Роман получил высокую оценку критики, вошел в финальный шорт-лист
премии Букера, присуждаемой за лучший русский роман года, и открыл в
издательстве "Вагриус" новую серию книг "Женский почерк", в которой
печатаются наиболее значительные произведения женщин-писательниц. Был
переведен на французский язык и издан в престижном парижском издательстве
"Акте Сюд", получил блестящую прессу, ведутся переговоры о немецком,
голландском и английском его издании...
В 1999 году читатели журнала "Новый мир" получили возможность
ознакомиться с новым романом И. Полянской -- "Читающая вода". Сегодня в
"Новом мире" уже готовится к публикации новая большая работа писательницы --
роман "Горизонт событий". Наш разговор -- о женской судьбе в искусстве, о
том, что такое "мысль семейная" и ее отражение в творчестве, о становлении
писателя и такой его "разновидности", как женщина-романист.
-- Е.Ч. Ваш первый роман привлек внимание читателей необычностью фабулы
и судеб героев. Тема его, в общем-то, традиционна и может быть определена
как "роман воспитания": в центре его -- юношеская влюбленность, чувство,
ставшее жертвой межнациональных предрассудков, ревность, отчаяние, измена,
уродующая души героев... В романе есть другая линия -- несущая на себе
отчетливые следы автобиографизма и повествующая о семейной драме, об истории
незаурядной интеллигентной семьи, угодившей в трагический разлом времени, а
также о необычных обстоятельствах появления главной героини на свет,
родившейся за колючей проволокой в одном из сталинских лагерей... Возможно,
самые сильные страницы романа -- это описание лагеря, увиденного глазами
шестилетнего ребенка. У читателя невольно возникает вопрос -- насколько
описанные в художественном произведении картины соответствуют
действительности?
-- И.П. Семейная линия романа посвящена жизни моих родителей и
повествует о нашей реальной истории, случившейся в этом немилосердном веке с
членами нашей семьи, в чьих судьбах -- каждой по-своему -- воплотились
трагические черты времени. В общем, идея такая: что было и что осталось от
большого, талантливого, кустистого русского интеллигентного семейства. Я
родилась в той самой уральской "шарашке", описанной Д. Граниным в "Зубре".
Мой отец попал туда после двух лагерей -- немецкого и нашего. Едва не
погибнув на Севере от истощения и цинги, отец спустя два года чудом был
вызволен из колымских рудников -- его спаcло известное постановление о
форсировании работ над атомным проектом.

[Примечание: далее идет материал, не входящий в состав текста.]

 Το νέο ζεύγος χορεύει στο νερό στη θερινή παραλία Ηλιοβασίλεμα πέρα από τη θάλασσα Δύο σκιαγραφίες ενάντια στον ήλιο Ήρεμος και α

Ученый-химик, он был видным
учеником академика Зелинского. Осенью 1941 года с народным ополчением ушел
добровольцем на защиту Москвы. В сражении под Нарой полег почти весь его
батальон. Отец был ранен и попал в плен. Отличное знание немецкого языка и
специальность химика привели его после долгих лагерных мытарств на
фармацевтическую фабрику. К концу войны он оказался в американской
оккупационной зоне, откуда, несмотря на уговоры американских специалистов
(его научные работы уже знали за рубежом), настоял на переводе в русский
сектор. А уже там был осужден за измену Родине и, как и тысячи других
несчастных возвращенцев из немецкой неволи, отправлен по этапу. Так через
Колыму он попал в эту знаменитую уральскую "шарашку". Его судьба
удивительным образом повторила -- только на ином, более страшном витке --
судьбу "Зубра", Н. Тимофеева-Ресовского, с которым они были хорошо знакомы.

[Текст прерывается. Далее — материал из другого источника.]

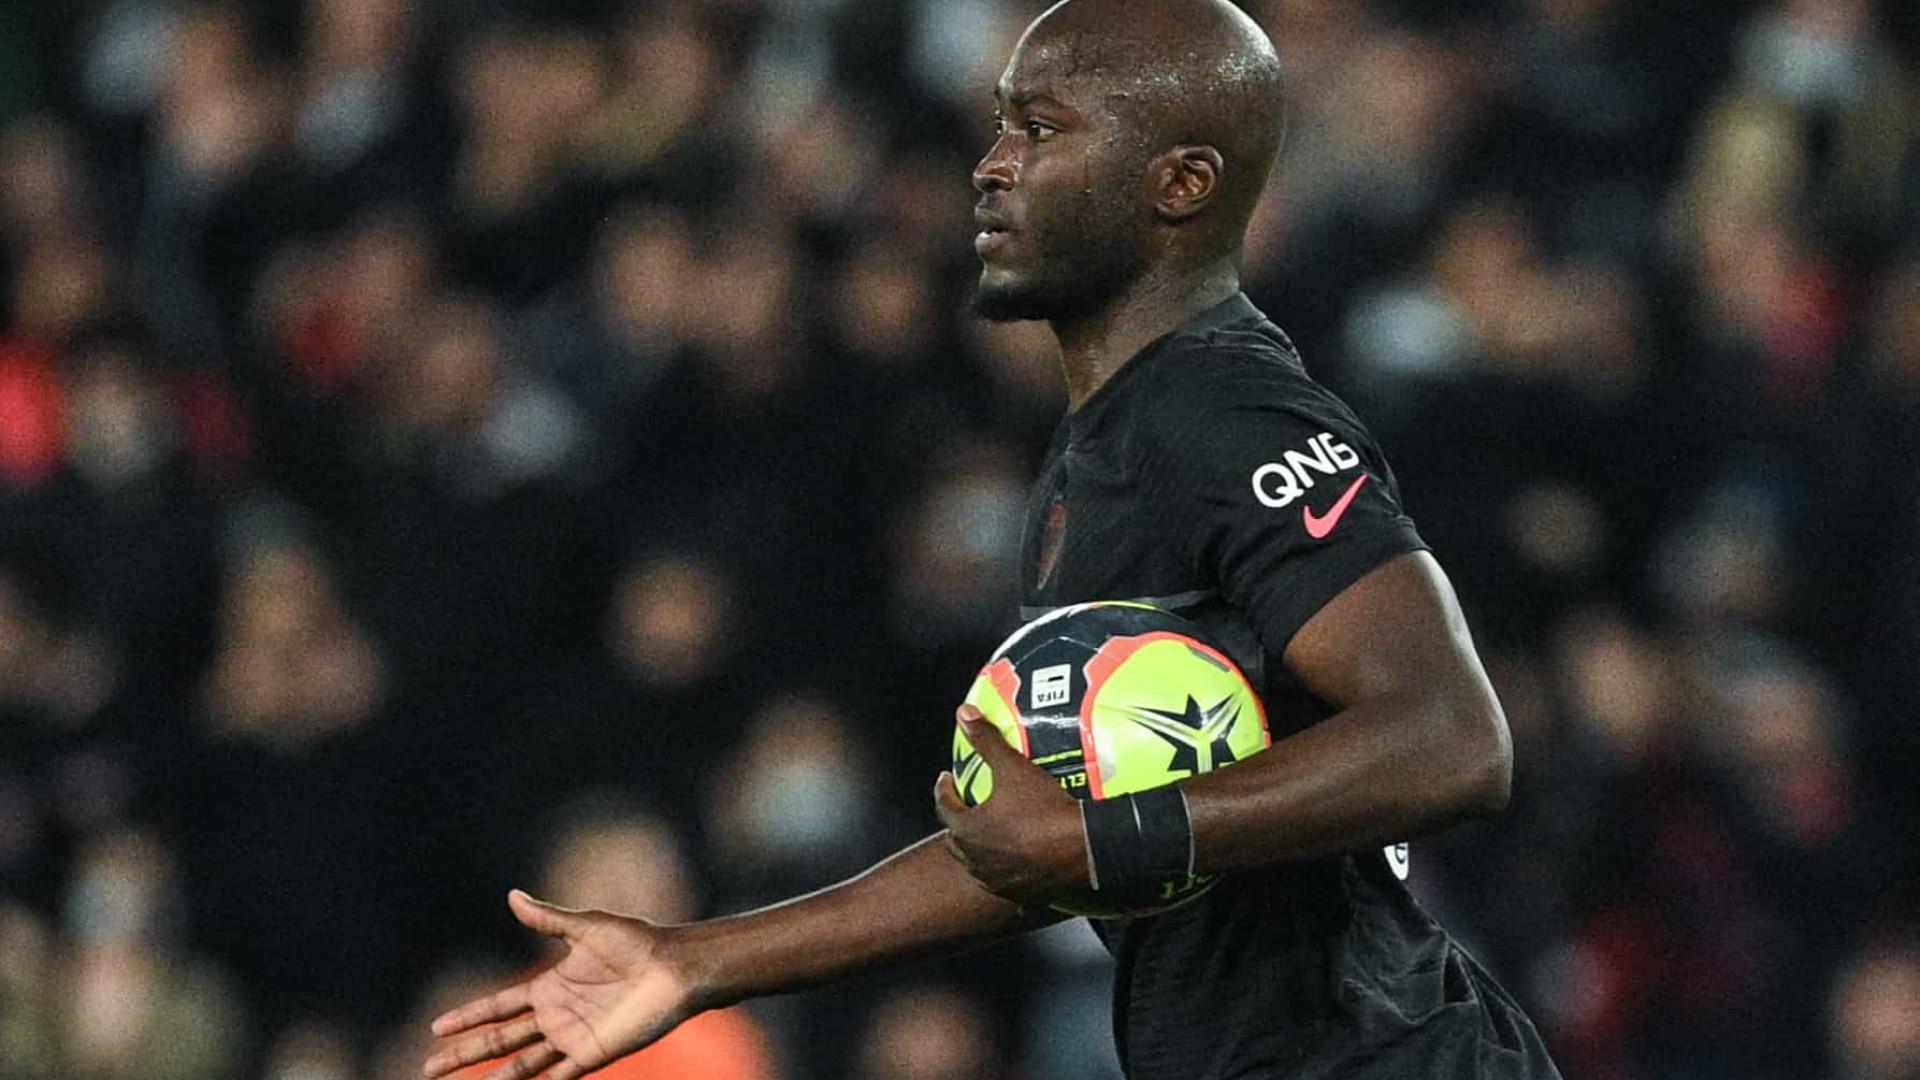 Danilo e Mbappé evitam novo escândalo do PSG no campeonato

С первых лет жизни я была буквально напичкана этим семейным эпосом. Никаких
иллюзий по поводу существующего строя у нас в семье не было. Семейного лада
тоже не было, слишком разные по складу характера люди собрались на этом
маленьком пятачке, поэтому оставалось одно -- труд как подвиг и искусство
как отдушина, некая экзальтированная защищенность культурой от царящего
вокруг разора и пошлости... И вот весь этот материал меня долго не отпускал,
определяя мою сознательную и даже подсознательную жизнь. Странно, но я уже в
возрасте четырнадцати лет твердо знала, что опишу все это... Когда мама
приехала к отцу в эту знаменитую зону, она была первой "разрешенной" женой в
этой "шарашке". Там я и родилась на свет, там, за колючей проволокой, и
провела первые шесть лет своей жизни...
-- Е.Ч. И как же было обставлено ваше появление на свет?
-- И.П. Моей повивальной бабкой явилась Ангелина Пименовна Стребкова --
терапевт лагерной амбулатории, мир ее праху, святая женщина, с которой мы
уже потом, после освобождения, поддерживали связь до последних лет ее жизни.

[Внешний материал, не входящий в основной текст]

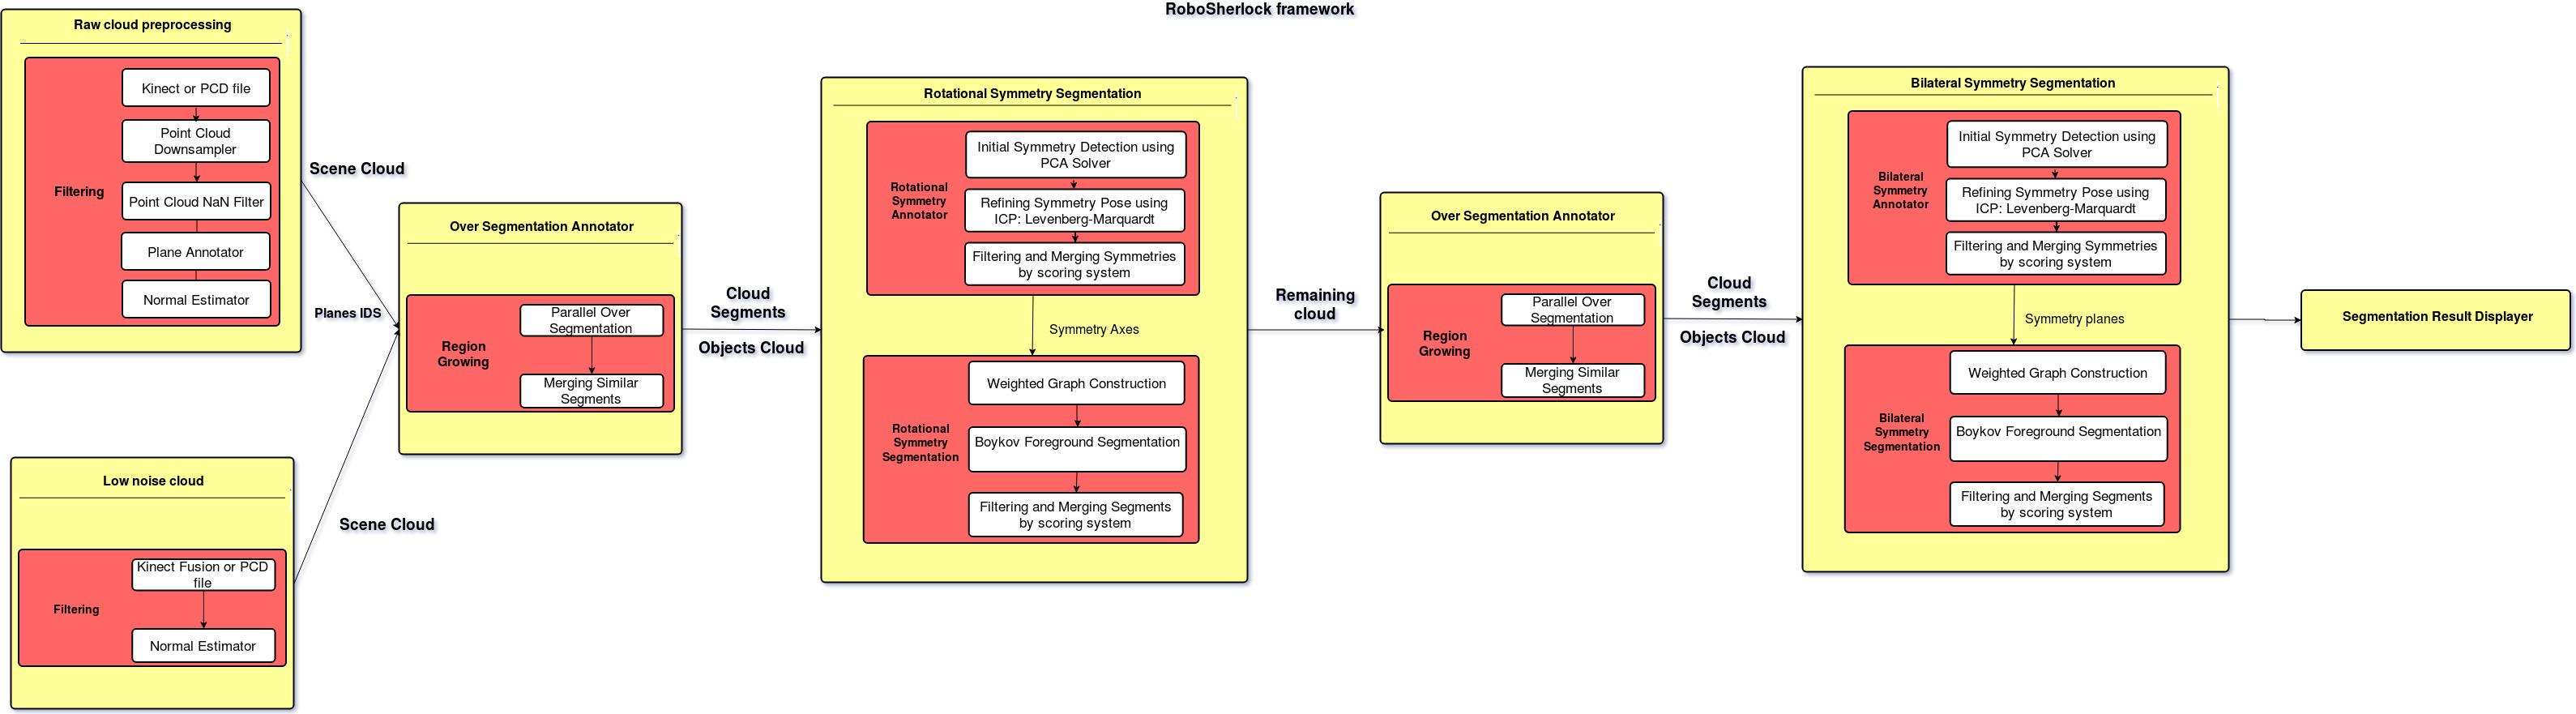 HighLevelArchitecture

На "воле" она служила тюремным врачом в Казани и была осуждена за то, что
отказывалась давать свое медицинское "добро" на продолжение пыток над
заключенными. Хотя в свидетельстве о рождении у меня и значилось: "г.
Касли", родилась я в той самой "шарашке", где появилась на свет и атомная
бомба. В молодости я любила повторять, что мы с ней, бомбой, родились в
одном месте и являемся почти ровесницами.
-- Е.Ч. Что же представляла собой эта "шарашка"?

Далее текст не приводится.